By Noel Randewich
LAS VEGAS (Reuters) - Nvidia offered a sneak preview of a hand-held gaming device, powered by its latest "Tegra 4" processor, that it hopes will help it go up against Sony Corp, Microsoft Corp and other device makers in consumer gaming.
Called "Project Shield", the device - a cross between the controller familiar to most console gamers and a small tablet display - will be sold direct to consumers, an unusual move for a company best known for computer graphics cards and mobile processors.
The unveiling late on Sunday took the industry by surprise. Nvidia offered few details beyond basic specifications. Executives said that when it launches, it will be able to run Google Android games now found on smartphones and tablets. It can also stream games from PCs.
"Everything you do with your Android device just works here," Chief Executive Jen-Hsun Huang told reporters in Las Vegas ahead of the Consumer Electronics Show.
"This is the culmination of five years of work."
Nvidia is keeping a tight lid on Project Shield, with only a handful of closely guarded prototypes circulating within the company, a source at Nvidia told Reuters. Huang would not say when the device -- or the Tegra 4 that powers it -- will begin selling, or at what price.
Tablets and smartphones support limited control functions like swiping and tapping. By integrating a controller with a screen, Nvidia may be angling for hardcore gamers who play shooter and other intense action games on consoles.
Developers have not yet been successful in bringing such titles to mobile devices like the Apple iPad, analysts say.
"At first glance, this does seem more primed for attacking the mobile and tablet consumer sector rather than impacting the Microsoft or Sony HD console experience," said Jesse Divnich, an analyst at video game research firm EEDAR.
Others said Nvidia may be trying to vie for a bigger slice of the console gaming market.
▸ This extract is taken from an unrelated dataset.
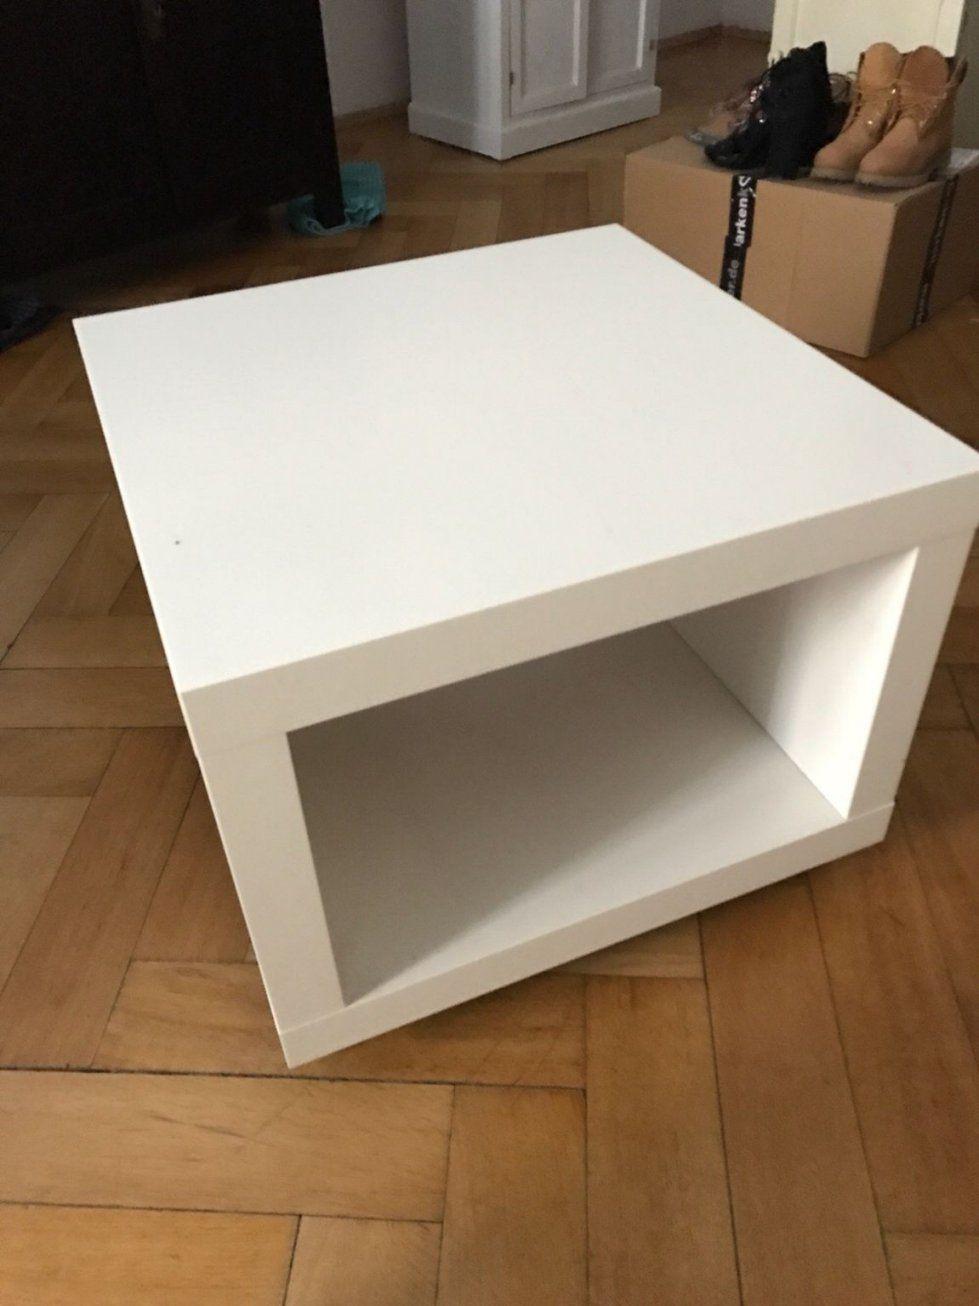 kleiner mit rollen stunning kleiner mit rollen with kleiner mit rollen perfect download by. Black Bedroom Furniture Sets. Home Design Ideas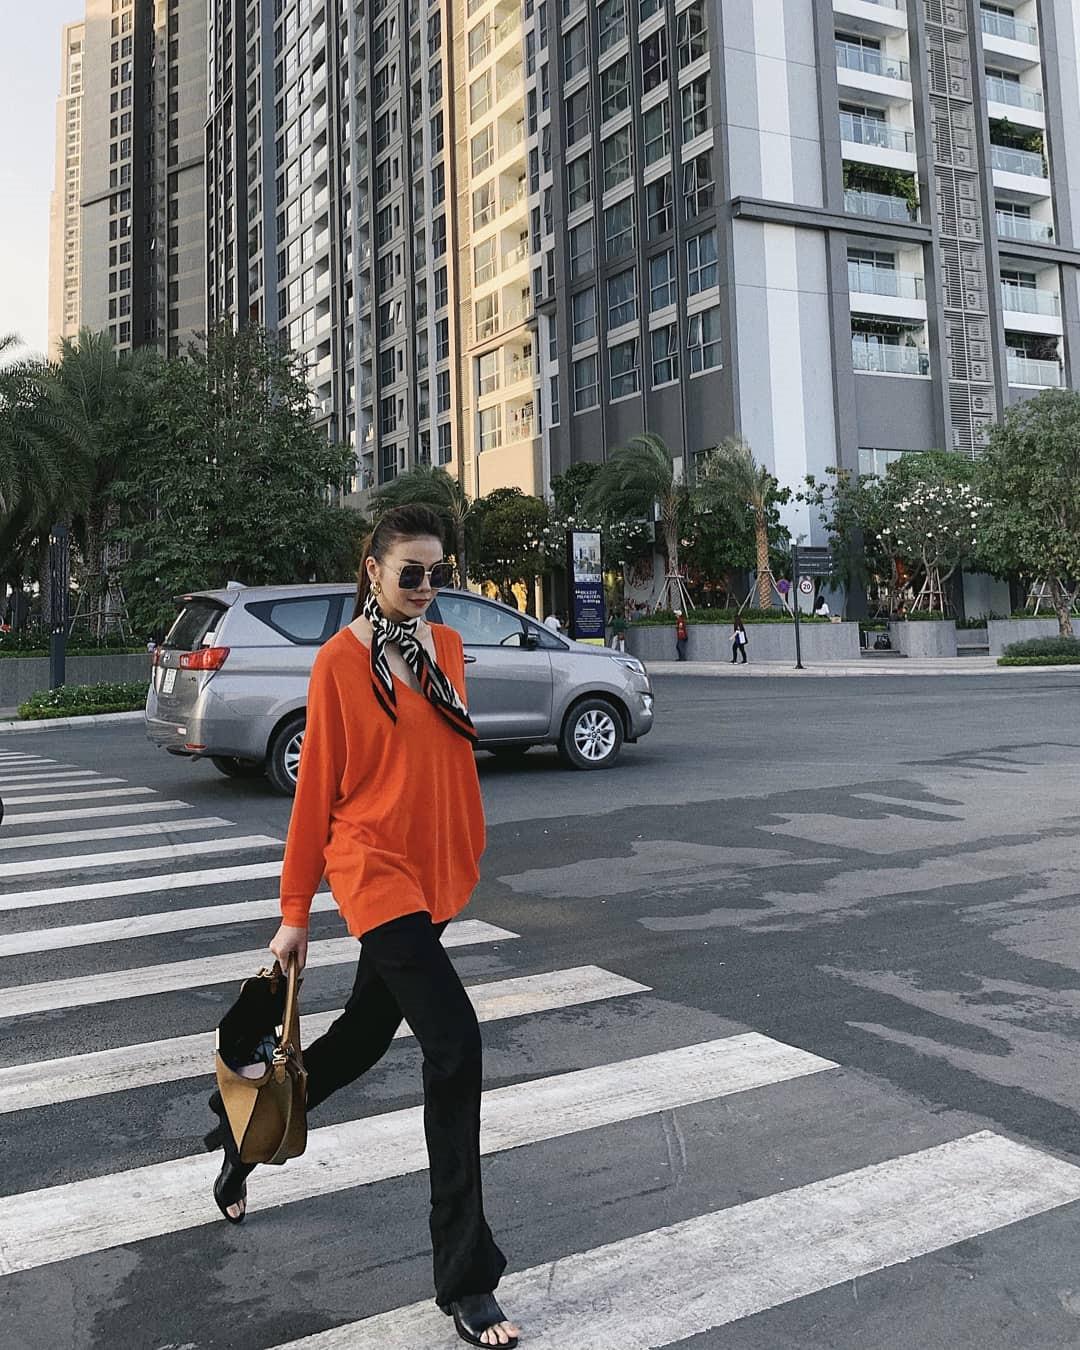 Nhắc đến trang phục dự tiệc hoặc hẹn hò, nhiều người thường mặc định chỉ có váy mới quyến rũ, giúp các cô gái ghi điểm trong mắt người ấy. Trên thực tế, có nhiều cách để diện quần tây, jeans mà vẫn đẹp và quyến rũ. Thanh Hằng là một trong những sao Việt rất chuộng style mạnh mẽ này.

Microsoft now uses graphics chips from rival Advanced Micro Devices Inc for its Xbox, the market leader.
Apart from a growing assortment of game-capable tablets and smartphones, Sony and Microsoft are both expected to release next-generation versions of the PlayStation and Xbox this year.
Nvidia's new device will support the popular game digital download service "Steam", bringing on board top-selling titles like "Assassin's Creed" and "Battlefield 3".
"Nvidia has really been a hardware consumer-facing company for nearly 15 years in the graphics card business," PJ McNealy, CEO of Digital World Research, said. "It'll be a challenge to leverage that legacy into a broader hardware business."
Beyond gaming, entertainment features like Hulu and Netflix have become a unique selling point for Sony's PlayStation and Microsoft's Xbox consoles.
"Nvidia is many years way from trying to penetrate that market," Divnich said.
With PC sales suffering due to economic uncertainty and a growing consumer preference for tablets, Nvidia has also staked its future on leveraging its graphics expertise to make high-performance processors for mobile devices.
The Tegra 4 chip, with four central processing cores, will be Nvidia's first to include LTE technology for high-speed telecommunication networks.
The company has made inroads in tablets but competition from larger rival Qualcomm has some on Wall Street concerned the company may struggle to keep its mobile business growing fast. Qualcomm already offers 4G technology in its chips.
Huang said Nvidia's newest Tegra boasts improved image processing capabilities for digital cameras in phones and tablets. Huang also said the Tegra 4 chip lets tablets load web pages more quickly than devices using rival chips.
The previous Tegra 3 is used in Google's Nexus 7, one of only a handful of tablets to make inroads against Apple's iPads. The Tegra 3 chip is also used in Microsoft's recently launched Surface tablet.
At the event, Huang also introduced a cloud product called the Nvidia Grid, a server and software package designed to remotely handle graphics computations for video games instead of on consoles like the Xbox in game-players' living rooms.
He said Nvidia would sell the Nvidia Grid packages to companies interested in hosting and streaming cloud-based video games.